My only suggestion would be to maybe give the beakers and flasks and potions creative names. I'd go heavier on imagery in his workshop. Maybe everywhere. You really gave us great details for Nura and for the Mushtarij constellation and you could do the same with other things. Like, describe the view from the balcony. Describe the telescope. Just a line or two to give these things life and hint of mystery. Describe the bottle.
I enjoyed the snippet/chapter and wonder what happened to poor Jeff. Obviously, some police worthy crime was discovered between the time Shirley called her husband and he got to his house.
The plot was decent. A sick man seems to have disappeared. Everything is in its place except that there is an unexplainable amount of dust everywhere and his clothing lying in a pile. So I'm thinking maybe something supernatural has happened to him? A new girl friend is mentioned. An earlier accident, so lots of hints of what might explain his disappearance. I really liked all the little clues to a bigger picture.

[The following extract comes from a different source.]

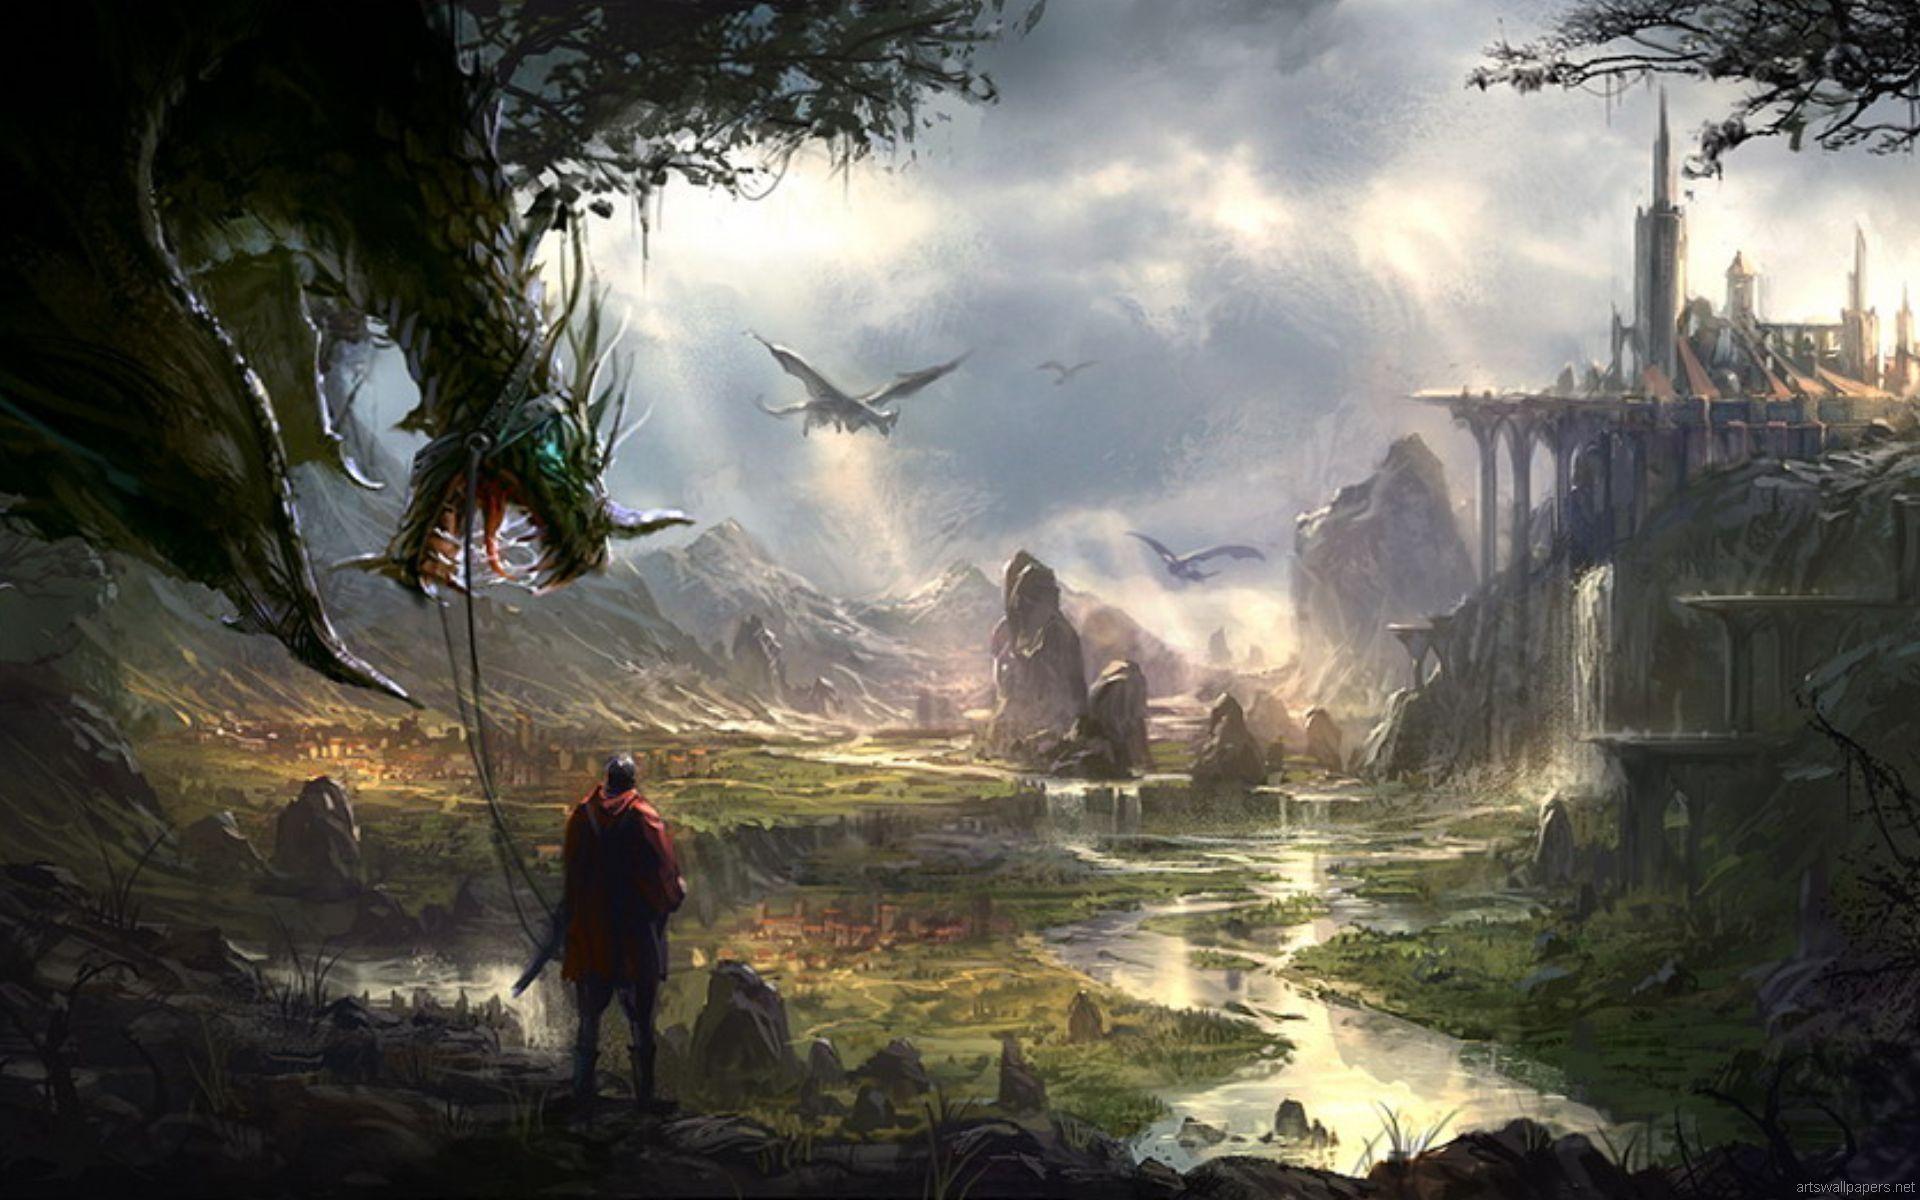 Taming dragons the old fashioned way. Fantasy picture, Fantasy image, Fantasy art landscapes

This reads like a first draft with lots of little mistakes and clunky sentences. I also think both Shirley and Eric wouldn't be too concerned about breaking in if they thought their friend might be lying on the floor somewhere, especially if he should be home.
If this is a first draft, then none of those things really matter and will be taken care of later.
I really enjoyed the story. A man's whole outlook on life is changed because he believes his money has been stolen by a train vendor. Then he learns it was the well dressed gentleman. And eventually, after falling into a cynical state, he learns even that man had tried to return the money.
And, unfortunately, the money seemed to have soured the old man's life, as well. Driving a wedge between his son, sitting there when it could have helped his wife, until he had to spend it to save himself.
I loved the train scene and the simple, straight forward dialogue. I liked the POV's thoughts on everything, too.
My only recommendation would be to make what the older man did with the money more explicit. I wasn't sure if any was left, or what he did with it, if anything.